When You Don’t Want to Feel What You’re Feeling

By Caroline Davis, Inner Freedom EFT

Have you ever found yourself thinking:

“I don’t want to feel this.”

Maybe it’s anxiety.

Maybe it’s grief.

Maybe it’s sadness, frustration, loneliness, disappointment, or overwhelm.

Whatever the feeling is, part of you wishes it would go away.

You want relief.

You want space.

You want to feel like yourself again.

And that’s completely understandable.

Most of us have been taught that difficult emotions are problems to solve, manage, fix, or move beyond.

So when a painful feeling appears, our first instinct is often to push it away.

But what if there is nothing wrong with that reaction?

Last week, we explored the idea that healing isn’t always linear and that difficult feelings don’t necessarily mean you’re back where you started.

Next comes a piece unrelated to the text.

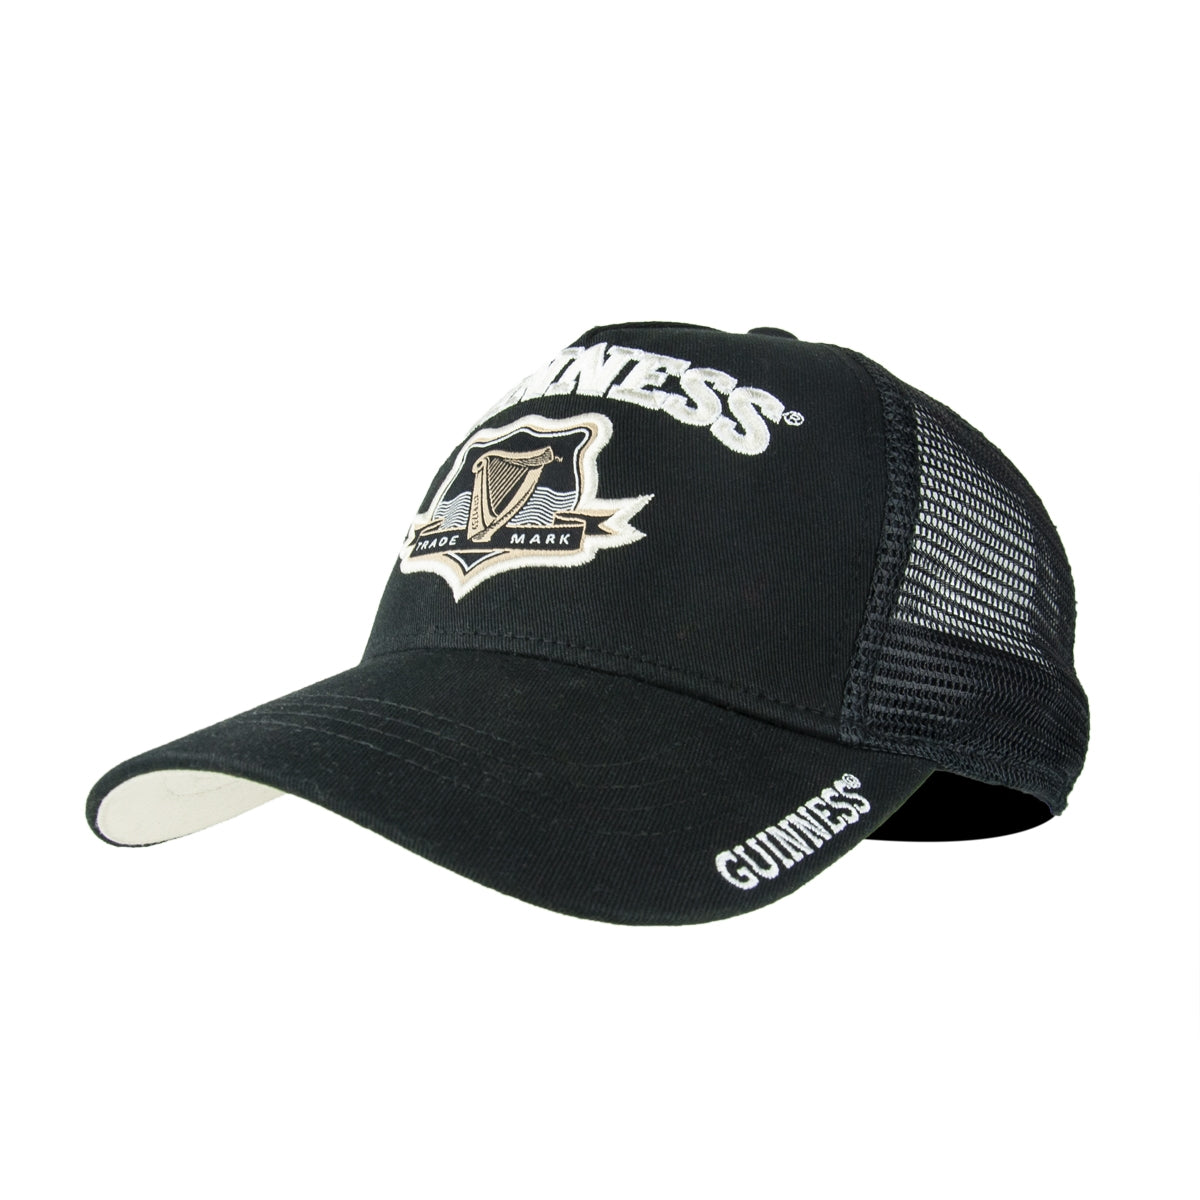 An adjustable Guinness Signature Black Trucker Mesh Baseball Cap with the Irish Harlequins logo on it.

But even when we understand that, another challenge often appears:

We still don’t want to feel what we’re feeling.

What Are We Really Saying?

Sometimes we say:

“I don’t want to feel this.”

But often we’re talking about something deeper.

Maybe we’re saying:

“This hurts.”

“Not this again.”

“I thought I was past this.”

“This feels overwhelming.”

“I don’t know if I can do this today.”

Or even:

“I’m afraid this will never get better.”

The resistance isn’t always about avoiding the feeling.

Sometimes it’s about how painful, exhausting, or frightening the feeling seems.

And when we begin to recognize what’s underneath the resistance, it often becomes a little less mysterious.

When Resistance Makes Sense

Many people assume that if they can’t accept a feeling, they’re doing something wrong.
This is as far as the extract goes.